======== DATA BELOW ========

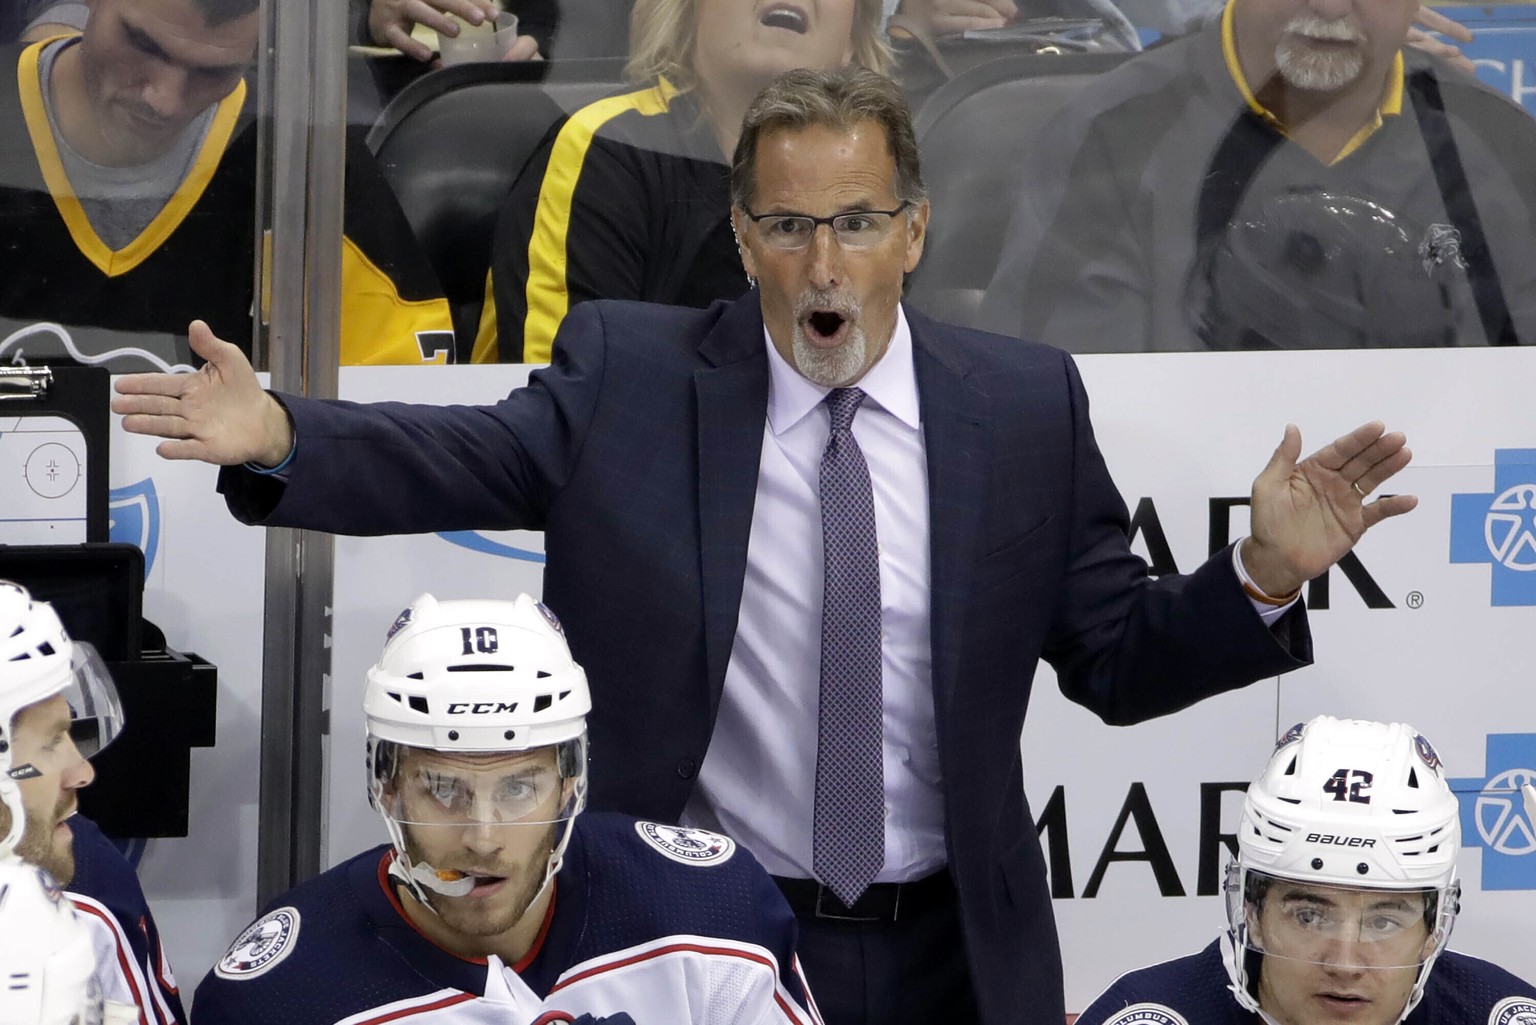 FILE - In this Oct. 5, 2019, file photo, Columbus Blue Jackets head coach John Tortorella objects to a call during the first period of an NHL hockey game against the Pittsburgh Penguins in Pittsburgh. ...
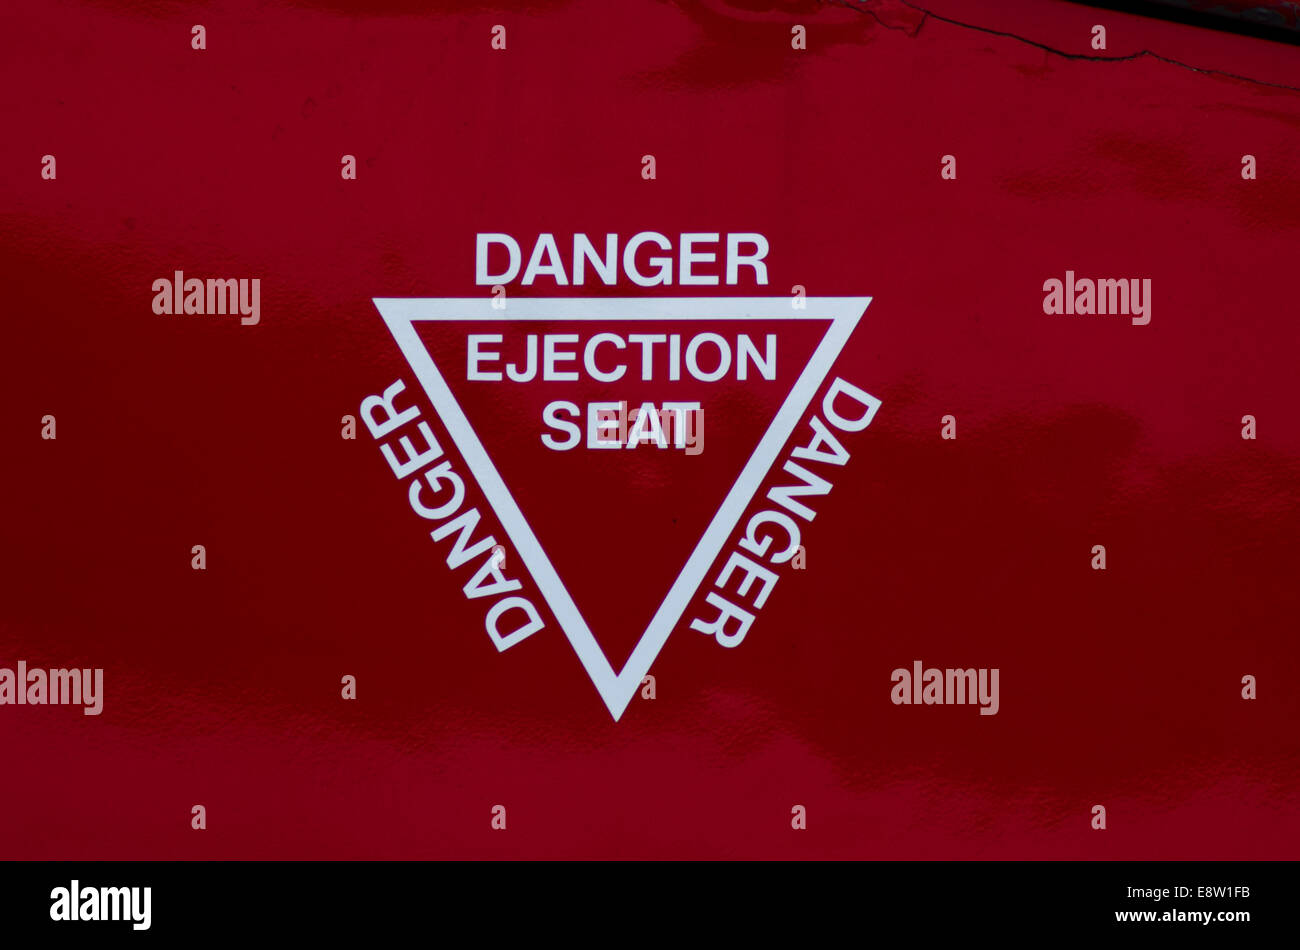 Danger Ejection Seat! Shot on the side of the fuselage of a Red Arrow plane Stock Photo
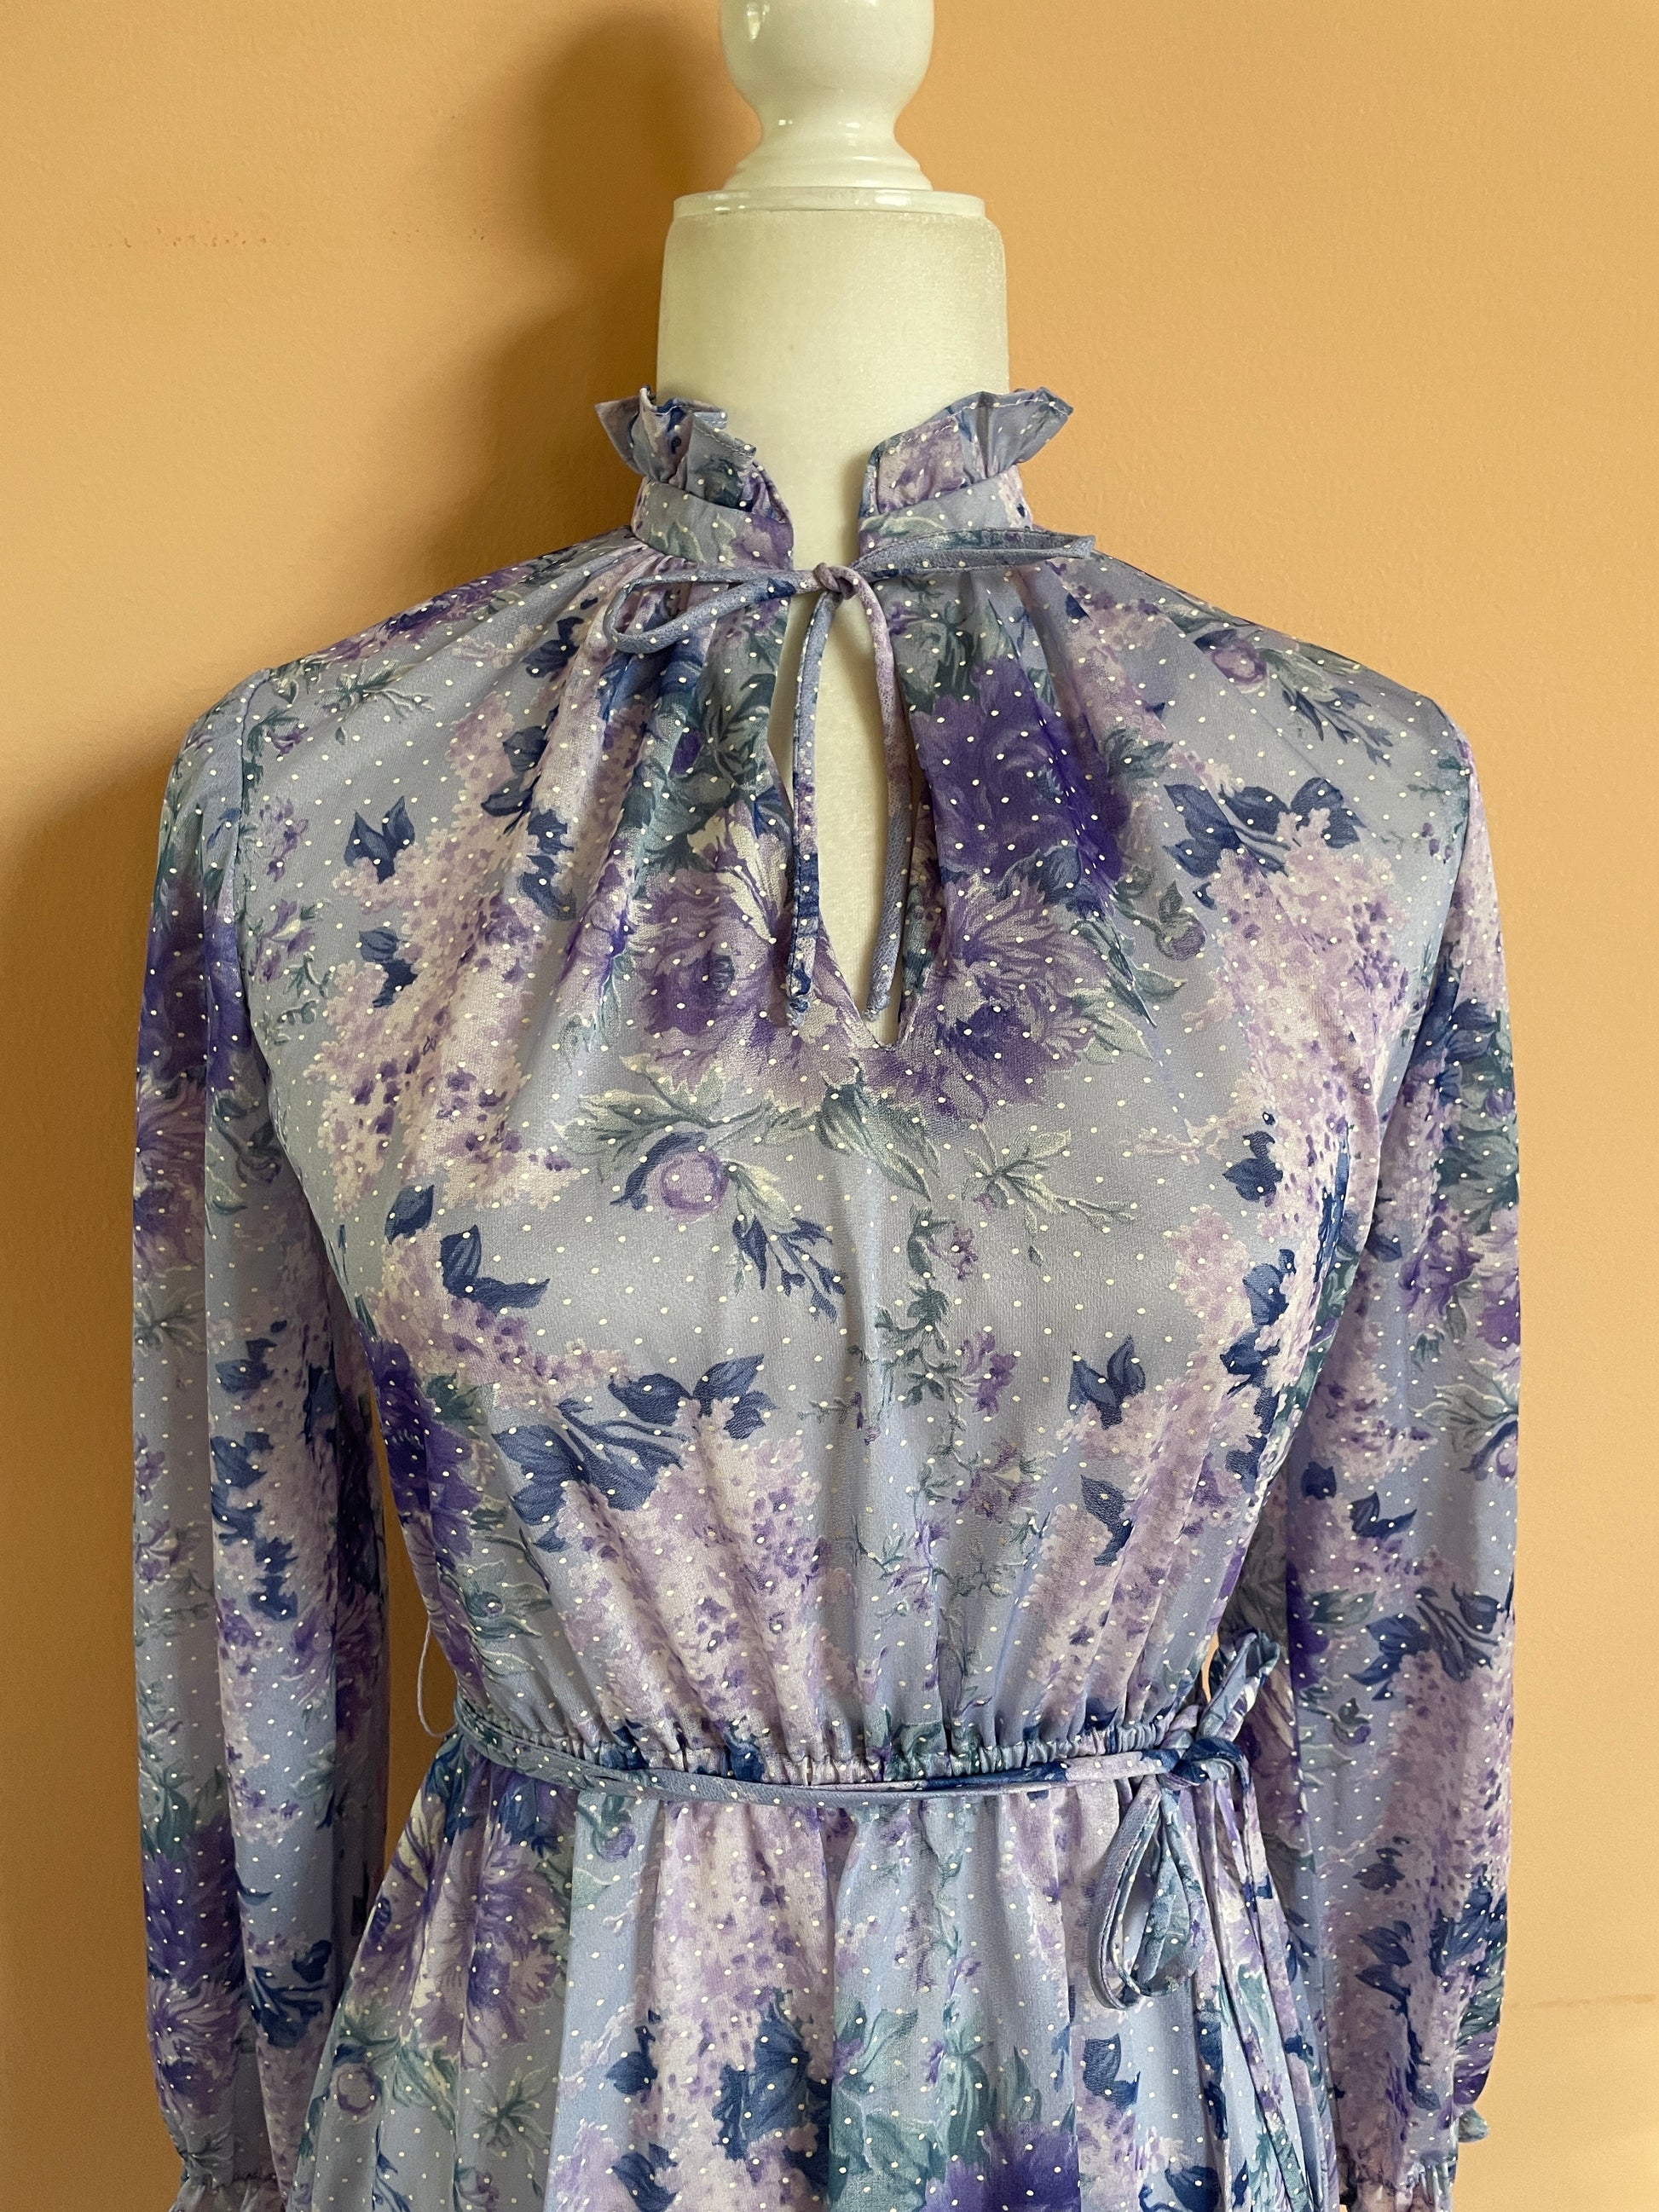  Lavender Fields 70s Purple Floral Poly Ruffled Vintage Dress S

========

Could you restate exactly the lines from the line containing "Danger Ejection Seat!" through the end of the listing, both ends included and nothing else, leaving the images out?

| TASK RESULT |
 Danger Ejection Seat! Shot on the side of the fuselage of a Red Arrow plane Stock Photo
  Lavender Fields 70s Purple Floral Poly Ruffled Vintage Dress S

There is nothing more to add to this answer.